在一種可能的實現方式中,根據遷移命令,建立目標GPU核上對應的硬體標識與源VM的命令隊列之間的映射,以及目標GPU核上對應的硬體標識與源VM的通用顯存之間的映射,包括: 在VM之間的命令隊列所使用的第三位址的大小不同的情況下,根據遷移命令,獲取目標命令隊列的第二頁表,第二頁表指示命令隊列的第二位址與命令隊列的第三位址之間、以及通用顯存的第二位址與通用顯存的第三位址之間的映射關係; 以源VM命令隊列的第二頁表替換目標命令隊列的第二頁表; 根據遷移命令,獲取目標命令隊列的第一頁表,第一頁表指示命令隊列的第三位址與命令隊列的第一位址之間、以及通用顯存的第三位址與通用顯存的第一位址之間的映射關係,目標命令隊列為目標GPU核上對應的硬體標識指示的命令隊列,第一位址用於指示主機的物理顯存位址; 以源VM命令隊列的第一頁表替換目標命令隊列的第一頁表,以建立目標GPU核上對應的硬體標識與源VM的命令隊列之間的映射,以及目標GPU核上對應的硬體標識與源VM的通用顯存之間的映射。 In a possible implementation, according to a migration command, a mapping between a corresponding hardware identifier on a target GPU core and a command queue of a source VM, and a mapping between a corresponding hardware identifier on a target GPU core and a general purpose video memory of a source VM are established, including: When the sizes of the third addresses used by the command queues between VMs are different, according to the migration command, a second page table of the target command queue is obtained, the second page table indicating a mapping relationship between the second address of the command queue and the third address of the command queue, and between the second address of the general purpose video memory and the third address of the general purpose video memory; Replacing the second page table of the target command queue with the second page table of the source VM command queue; According to the migration command, the first page table of the target command queue is obtained. The first page table indicates the mapping relationship between the third address of the command queue and the first address of the command queue, and between the third address of the general video memory and the first address of the general video memory. The target command queue is the command queue indicated by the corresponding hardware identifier on the target GPU core, and the first address is used to indicate the physical video memory address of the host; Replace the first page table of the target command queue with the first page table of the source VM command queue to establish the mapping between the corresponding hardware identifier on the target GPU core and the command queue of the source VM, and the mapping between the corresponding hardware identifier on the target GPU core and the general video memory of the source VM.

在一種可能的實現方式中,該裝置還包括: 第二建立模組,用於在主機驅動初始化時,為GPU核對應硬體標識的命令隊列和通用顯存建立第一頁表和第二頁表。 In a possible implementation, the device further includes: A second establishment module, used to establish a first page table and a second page table for the command queue and general video memory corresponding to the hardware identification of the GPU core when the host driver is initialized.

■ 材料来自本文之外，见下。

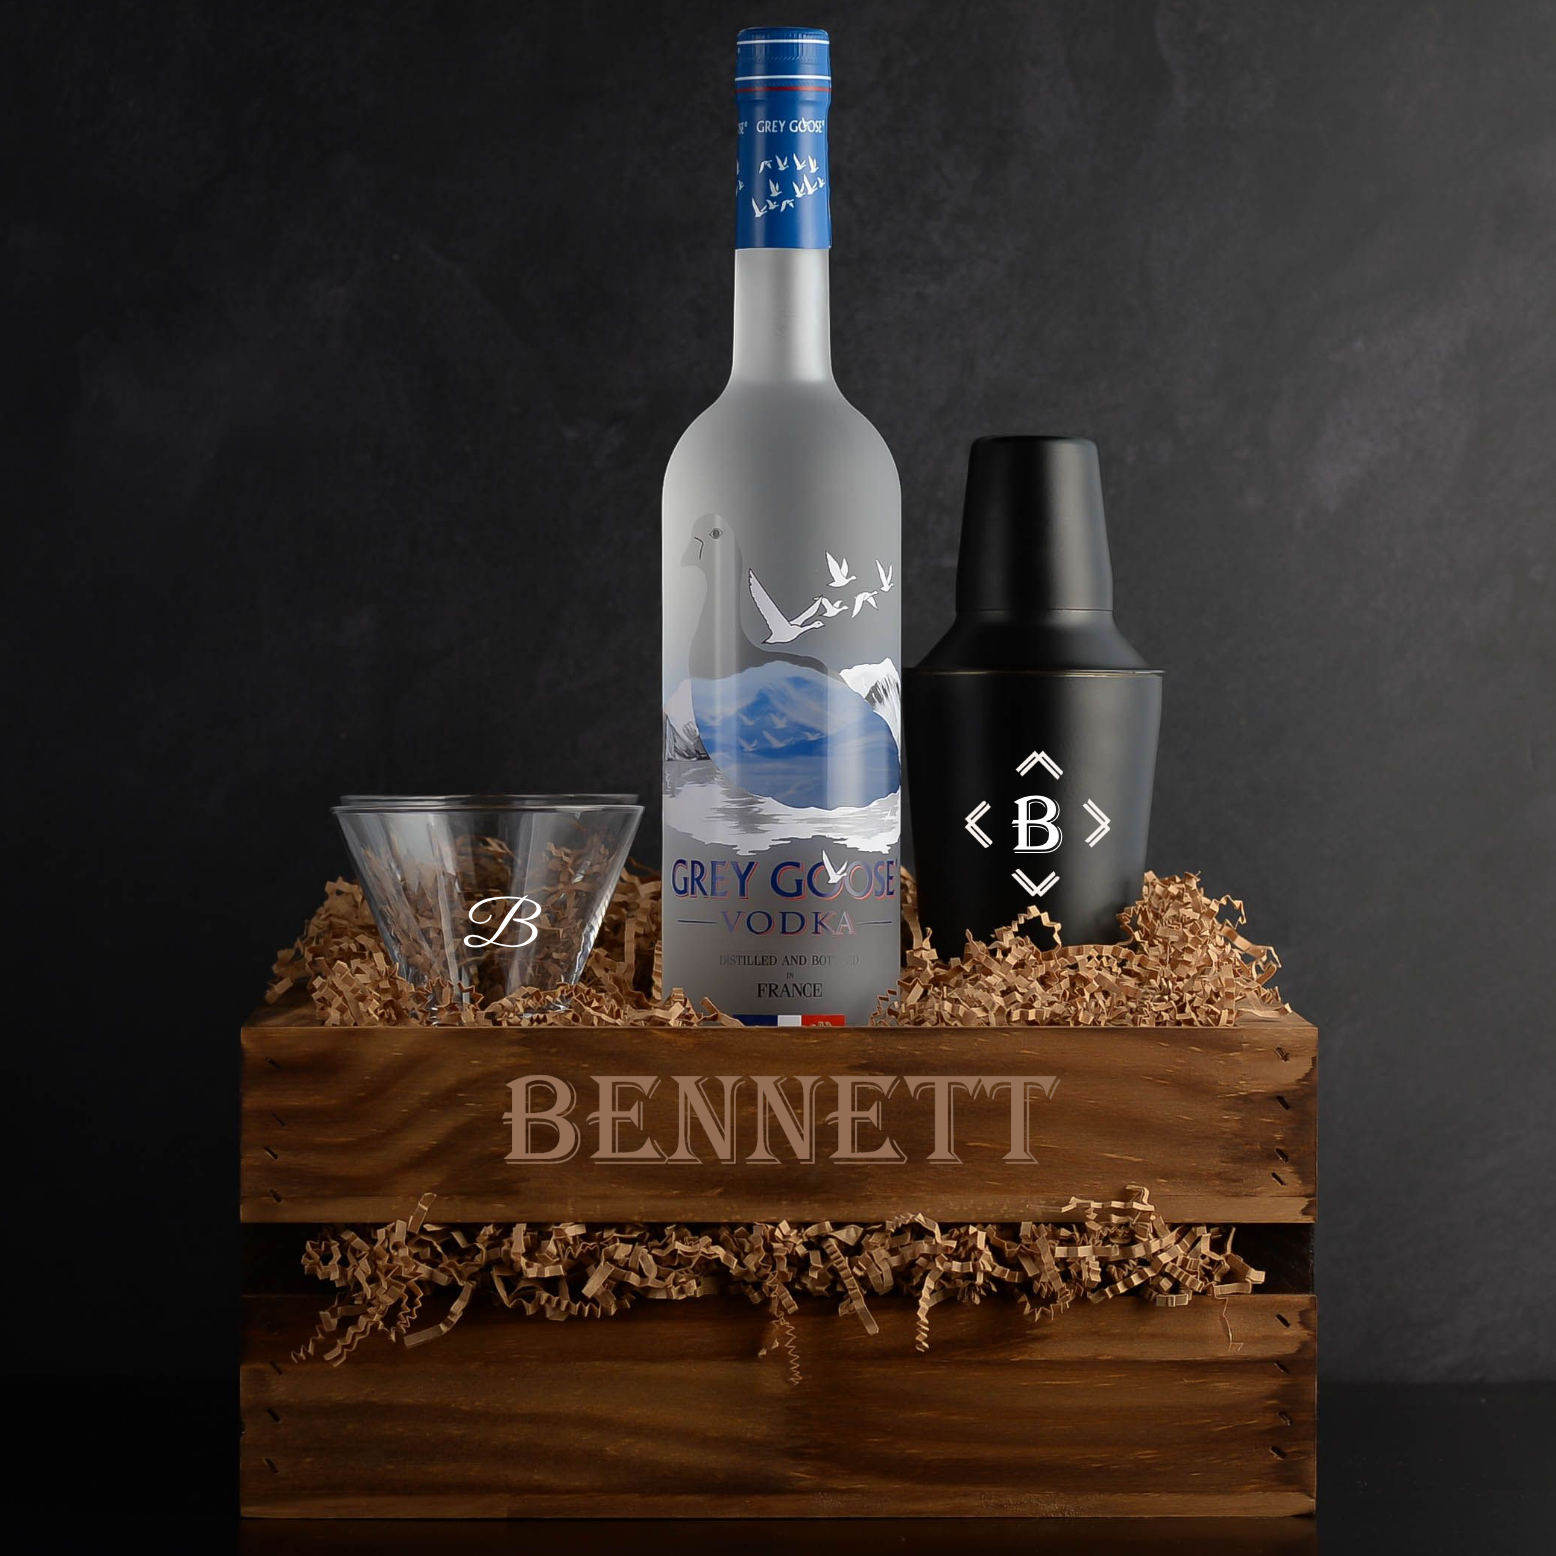 Grey Goose Vodka Martini Gift Set by Elevated Spirit Shop. Includes two stemless martini glasses and a shaker. Gift baskets and sets for any holiday or special occasion.Free engraving. Fast delivery.

在一種可能的實現方式中,處理模組,用於: 響應於對目標GPU核上對應硬體標識的暫存器組的寫操作,基於遷移後的關聯關係,利用目標GPU核的微控制器MCU獲取來自於源VM的工作負載的信息,工作負載的信息中包括本次工作負載對應的第二位址和與本次工作負載關聯的頁表根目錄的第三位址; 利用目標GPU核的MCU,將工作負載對應的第二位址和與本次工作負載關聯的頁表根目錄的第三位址配置給目標GPU核的引擎,以利用目標GPU核的引擎在主機的顯存上尋址,對本次工作負載進行處理。 In a possible implementation, the processing module is used to: In response to a write operation on a register group corresponding to a hardware identifier on a target GPU core, based on the association relationship after migration, use the microcontroller MCU of the target GPU core to obtain workload information from the source VM, the workload information including the second address corresponding to the current workload and the third address of the page table root directory associated with the current workload; Using the MCU of the target GPU core, configure the second address corresponding to the workload and the third address of the page table root directory associated with the current workload to the engine of the target GPU core, so as to use the engine of the target GPU core to address the host computer's video memory and process the current workload.

在一種可能的實現方式中,第一建立模組,用於: 在目標GPU核上存在空閒資源的情況下,根據遷移命令,建立源VM與目標GPU核上對應的硬體標識之間的關聯關係。 In a possible implementation, the first establishment module is used to: When there are idle resources on the target GPU core, establish an association between the source VM and the corresponding hardware identification on the target GPU core according to the migration command.

在一種可能的實現方式中,遷移命令包括目標GPU核的標識和目標GPU核上對應的硬體標識。In one possible implementation, the migration command includes an identifier of a target GPU core and a corresponding hardware identifier on the target GPU core.

根據本公開的另一方面,提供了一種圖形處理器GPU調度裝置,包括:處理器;用於存儲處理器可執行指令的存儲器;其中,所述處理器被配置為在執行所述存儲器存儲的指令時,實現上述方法。According to another aspect of the present disclosure, a graphics processor (GPU) scheduling device is provided, comprising: a processor; a memory for storing instructions executable by the processor; wherein the processor is configured to implement the above method when executing the instructions stored in the memory.

根據本公開的另一方面,提供了一種非易失性電腦可讀存儲媒體,其上存儲有電腦程式指令,其中,所述電腦程式指令被處理器執行時實現上述方法。According to another aspect of the present disclosure, a non-volatile computer-readable storage medium is provided, on which computer program instructions are stored, wherein the computer program instructions implement the above method when executed by a processor.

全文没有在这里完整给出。